**WORK INSTRUCTIONS:** Return the listing below verbatim. Pictures do not belong in the copy.

**RECORDED DATA:**
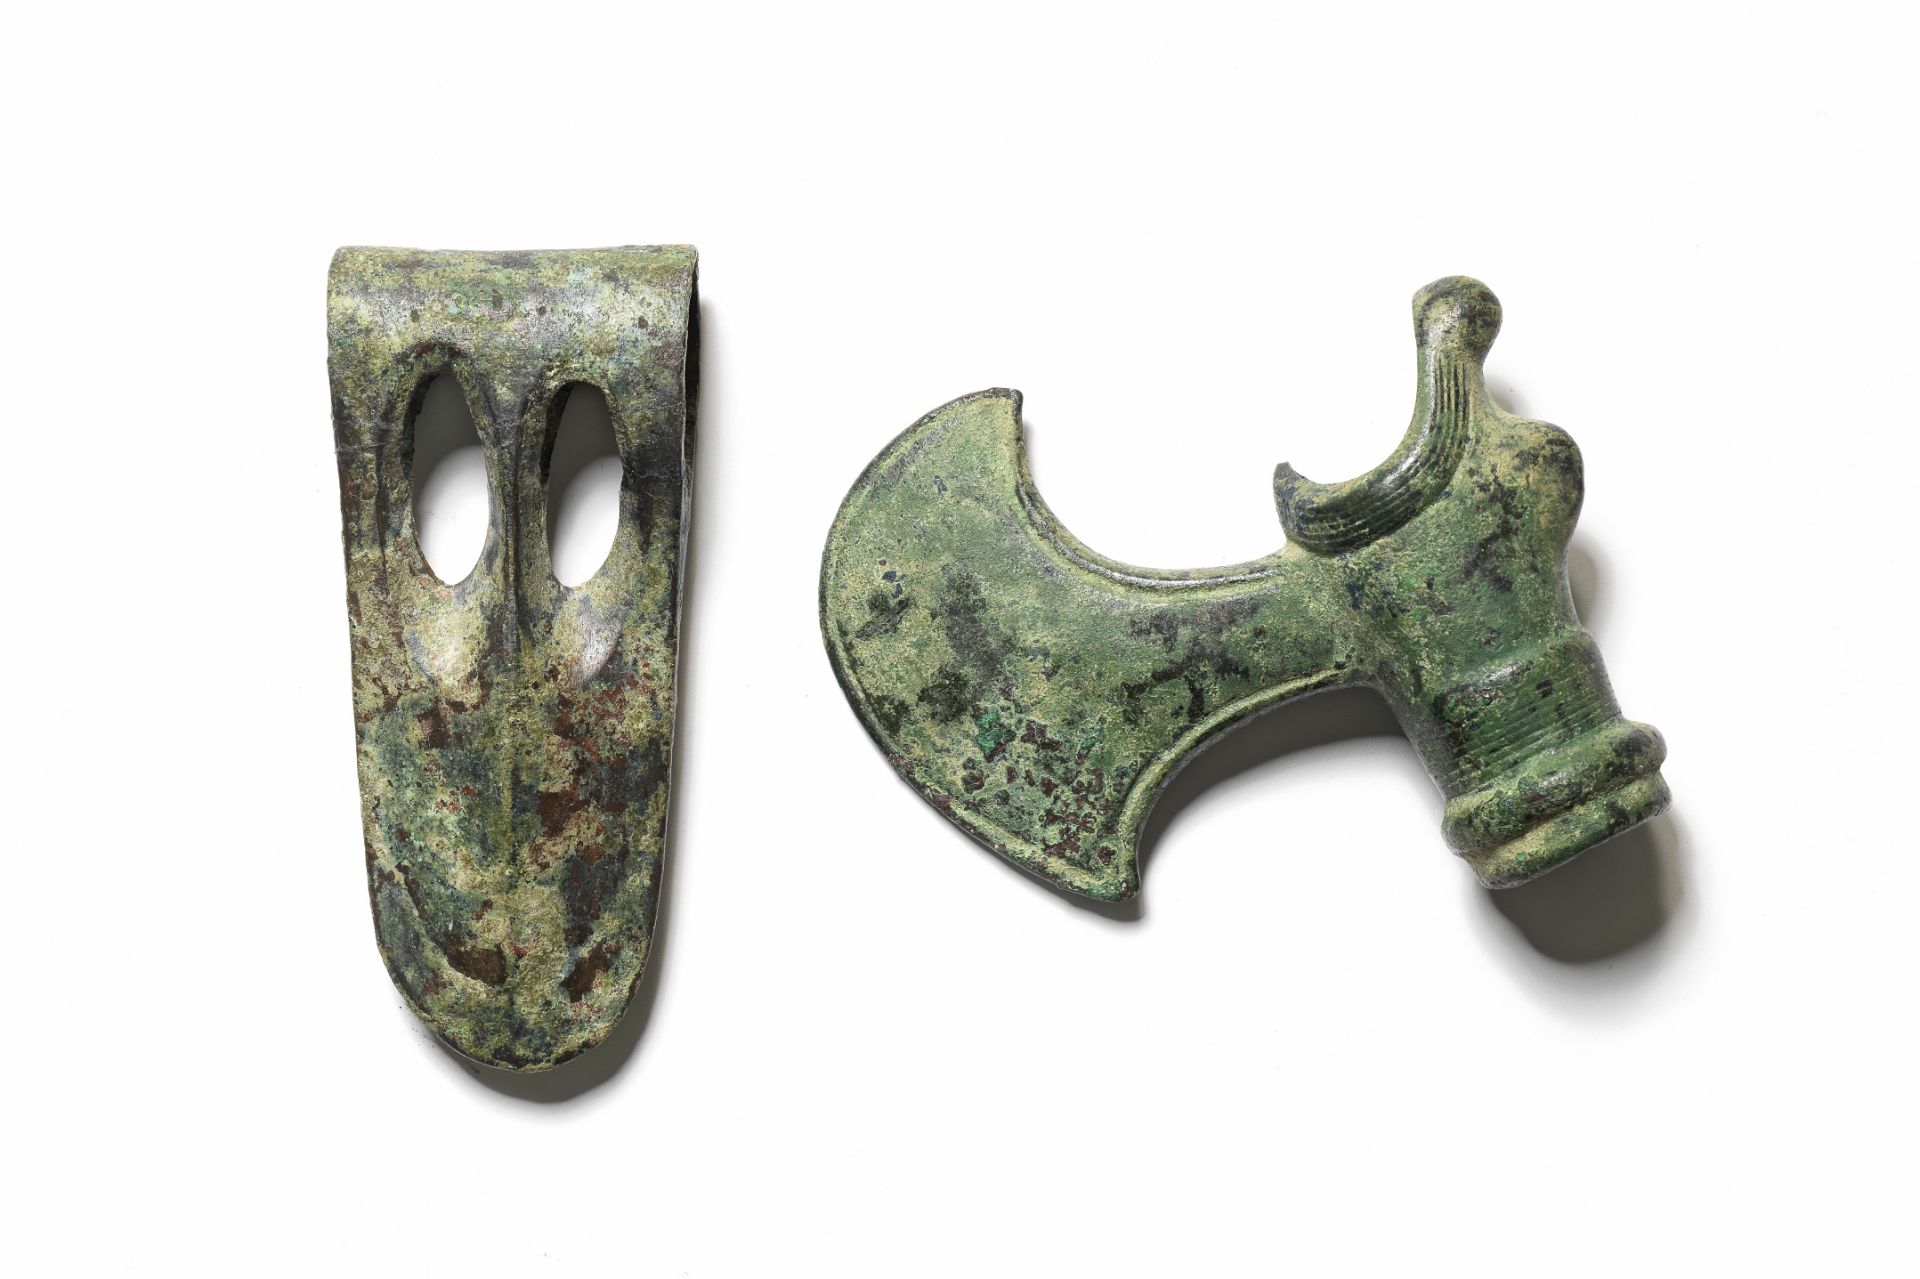 Two Near Eastern bronze axeheads 2
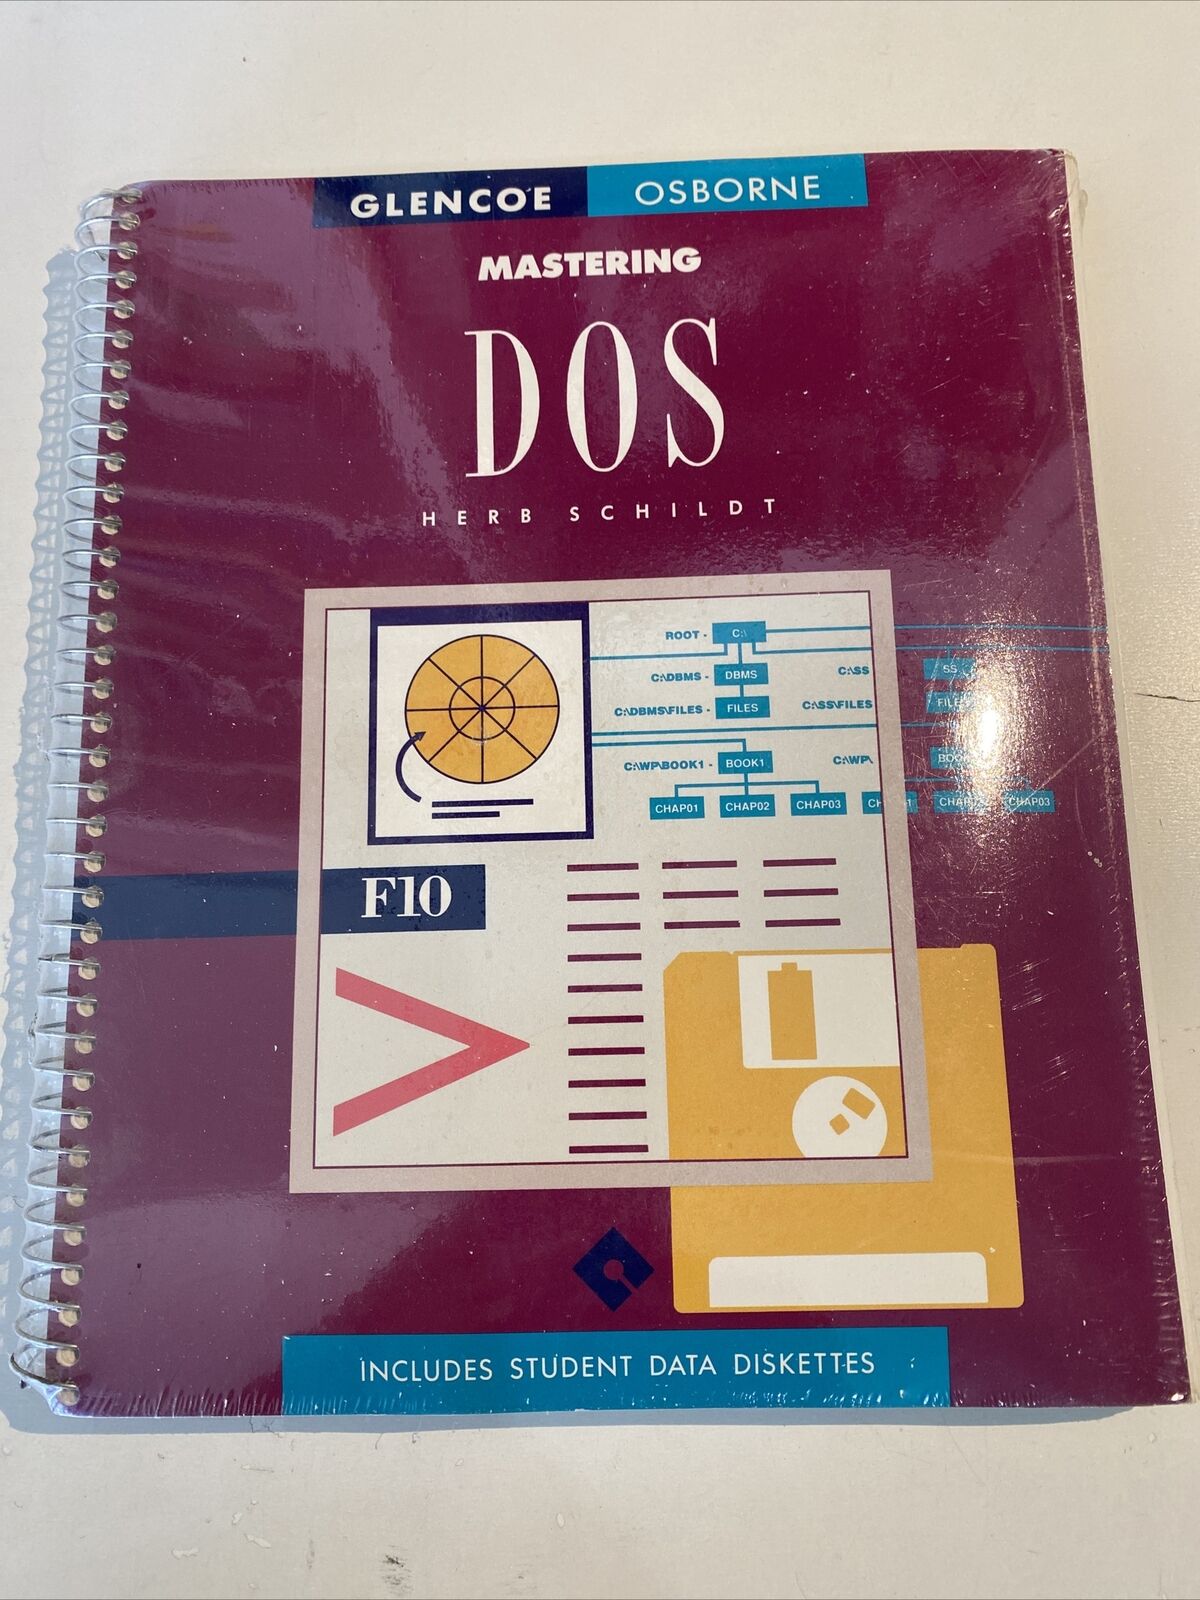 MASTERING DOS, Herb Schildt, Factory Sealed, Disks Included, Vintage Textbook
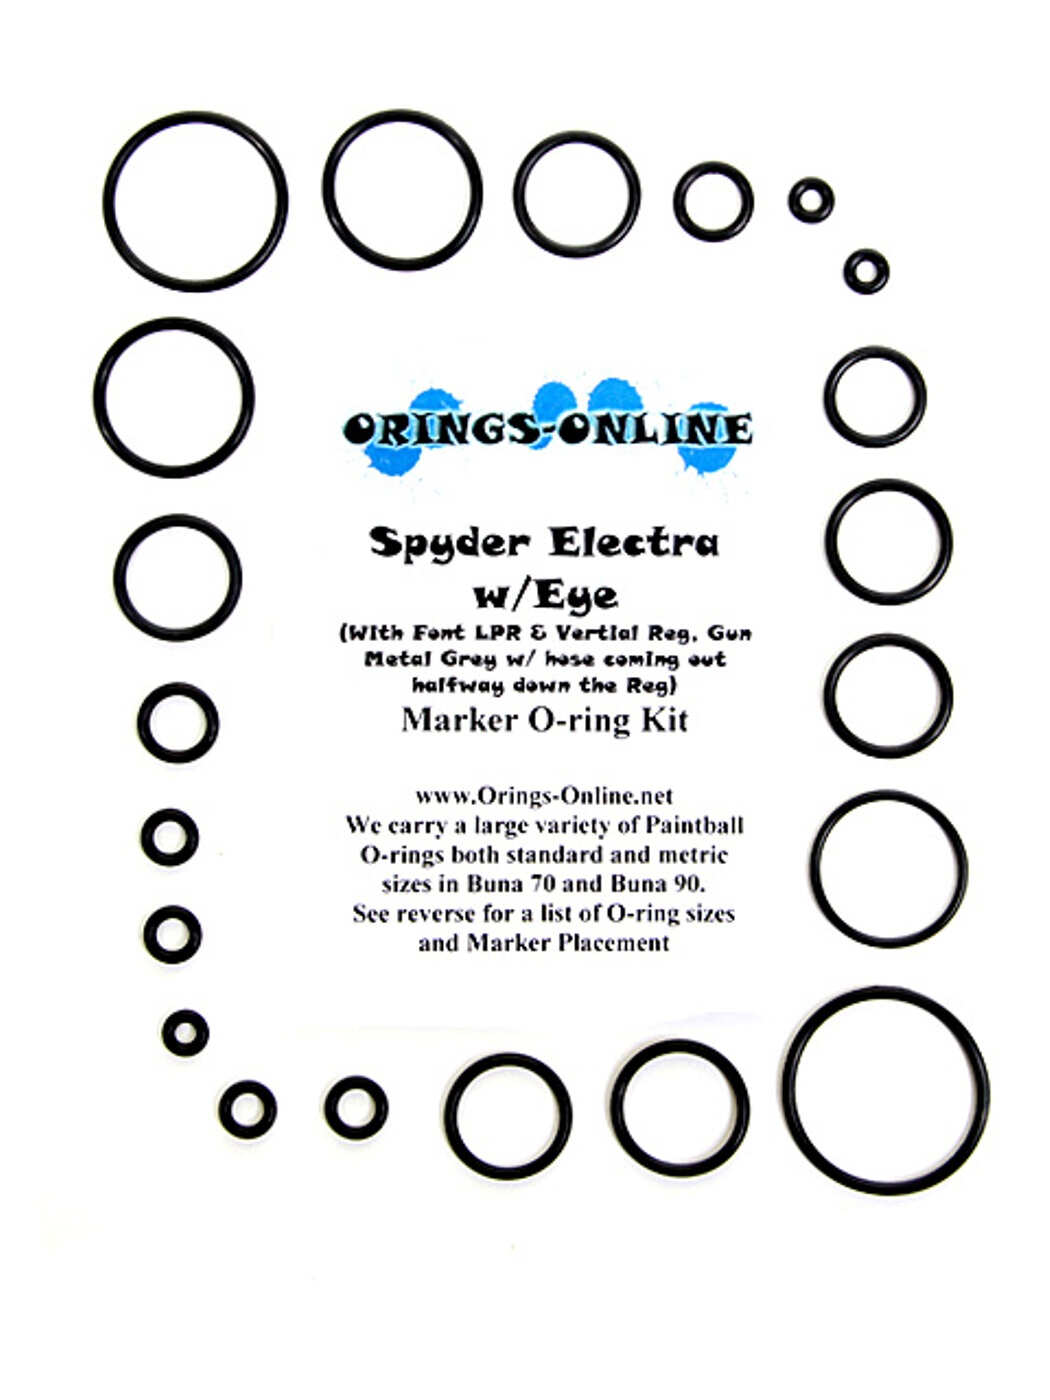 Spyder Sonix Paintball Marker O-ring Oring Kit x 2 rebuilds kits 
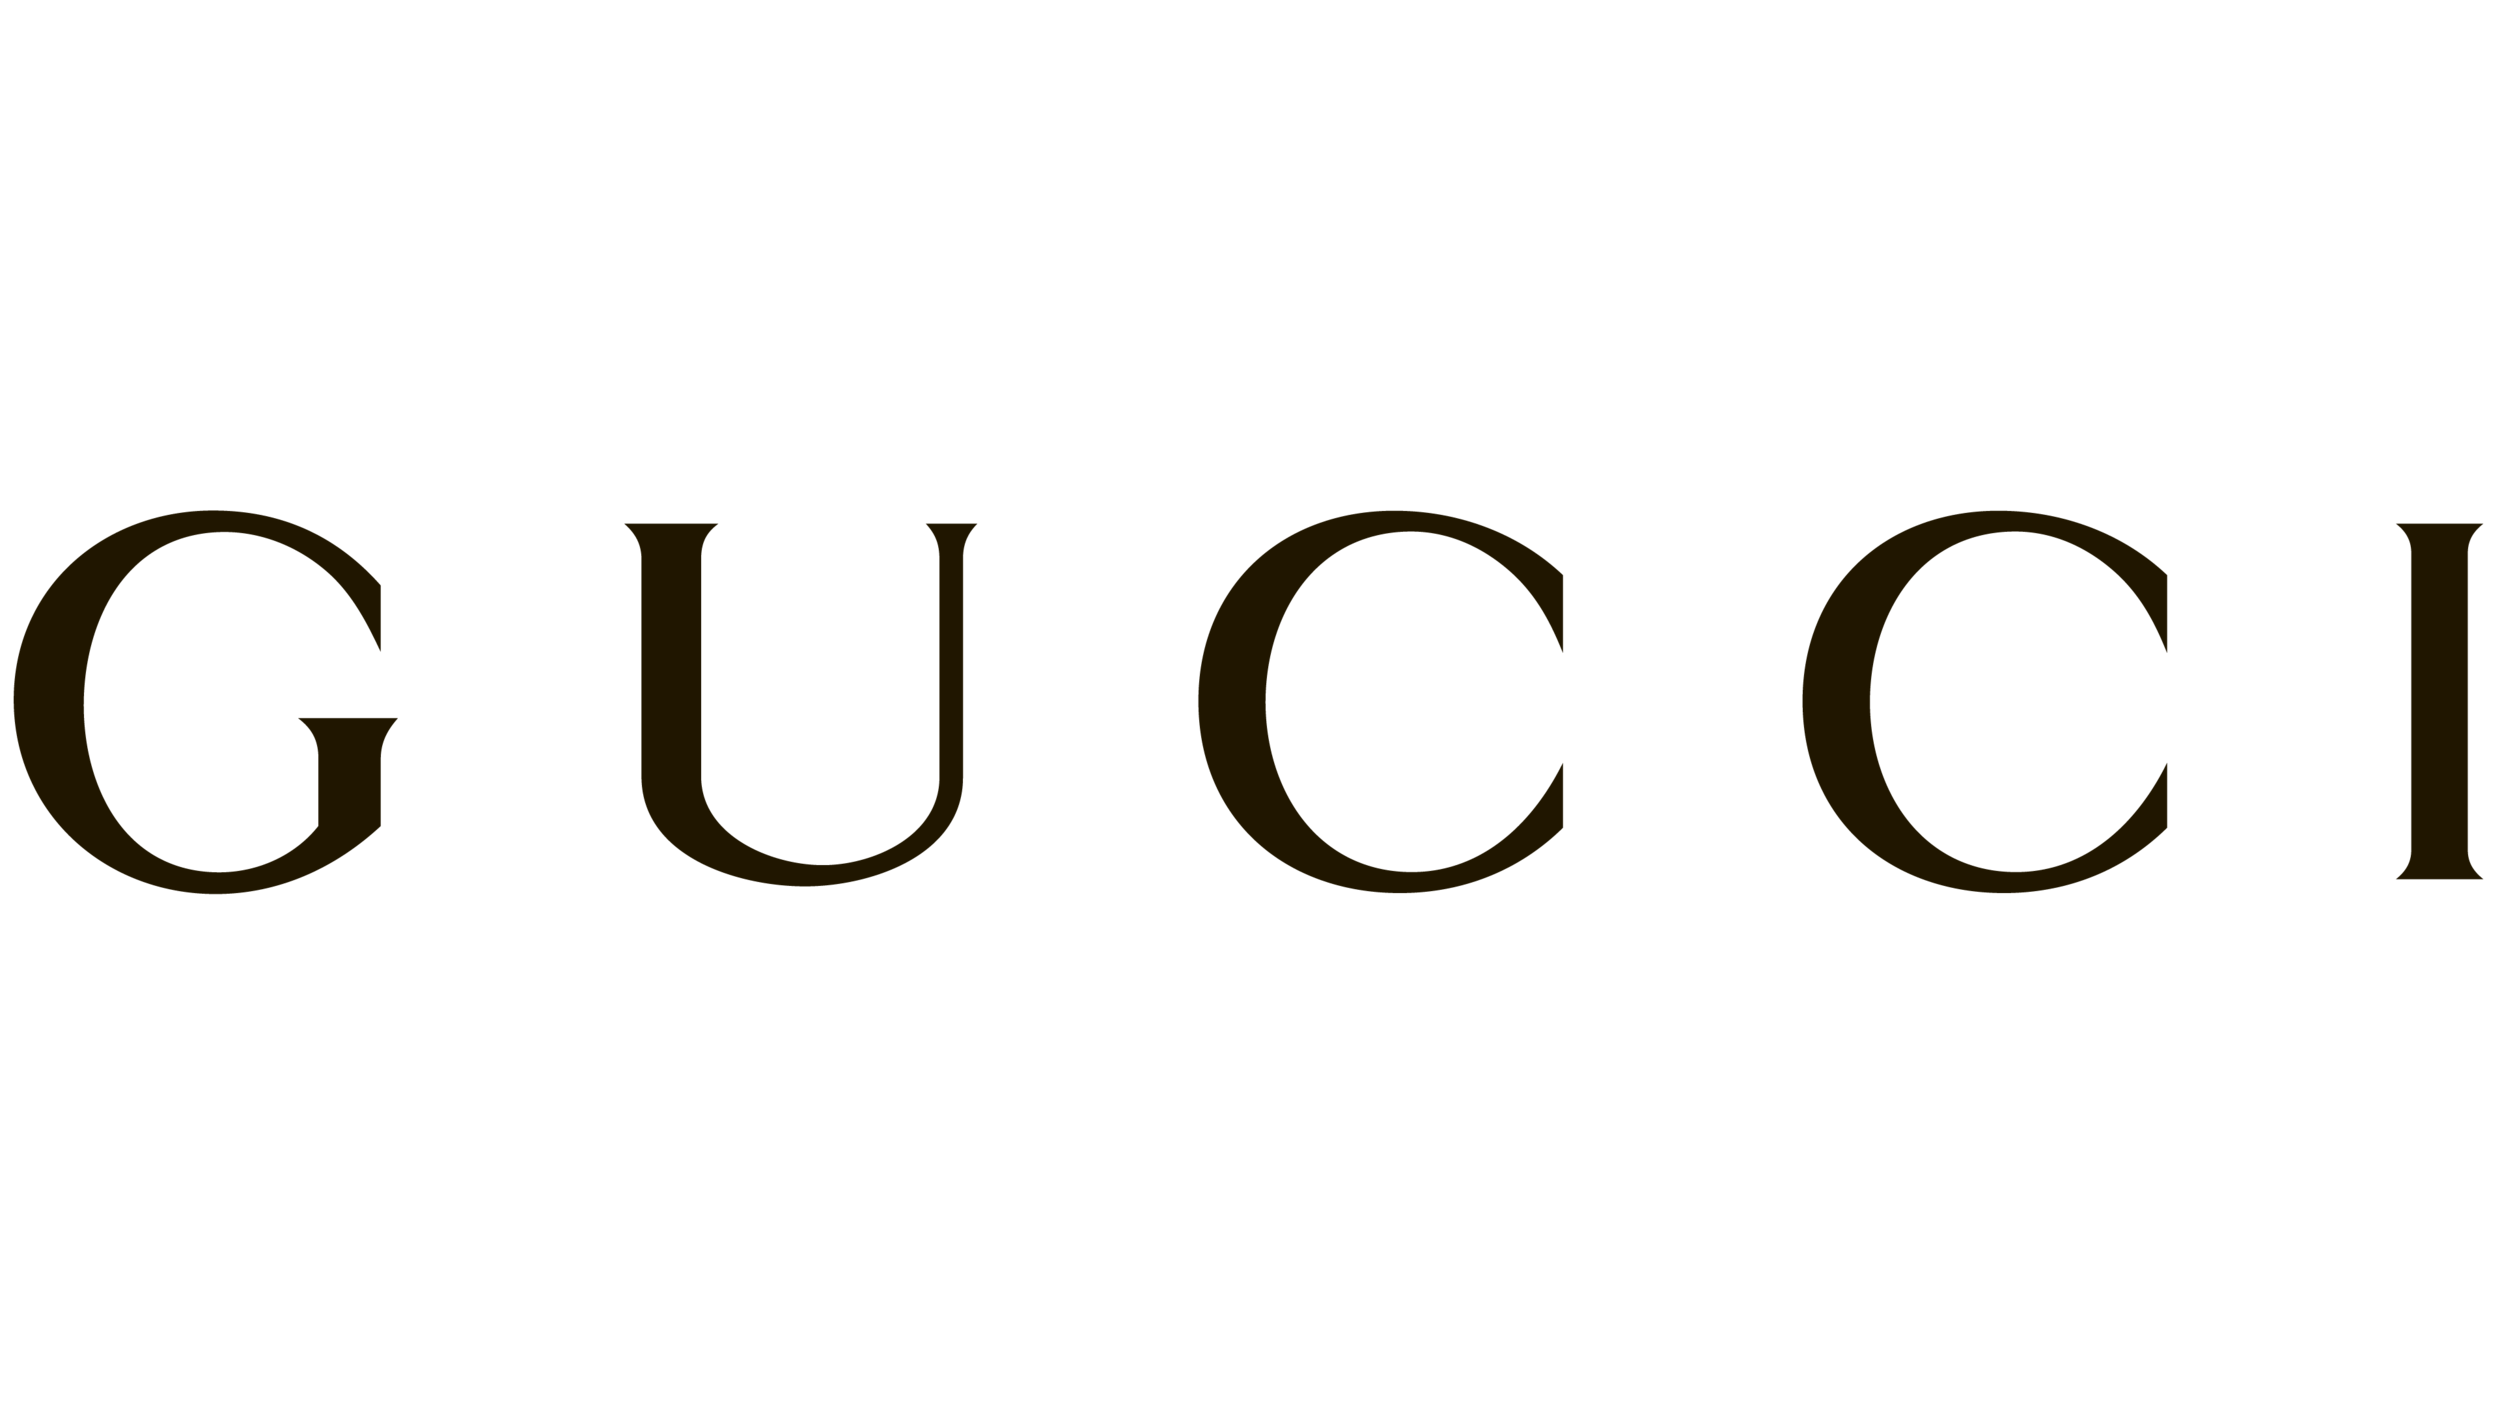 hd-gucci-logo-png-14.png

**WRITTEN RESPONSE:**
 Two Near Eastern bronze axeheads 2
 MASTERING DOS, Herb Schildt, Factory Sealed, Disks Included, Vintage Textbook
 Spyder Sonix Paintball Marker O-ring Oring Kit x 2 rebuilds kits 
 hd-gucci-logo-png-14.png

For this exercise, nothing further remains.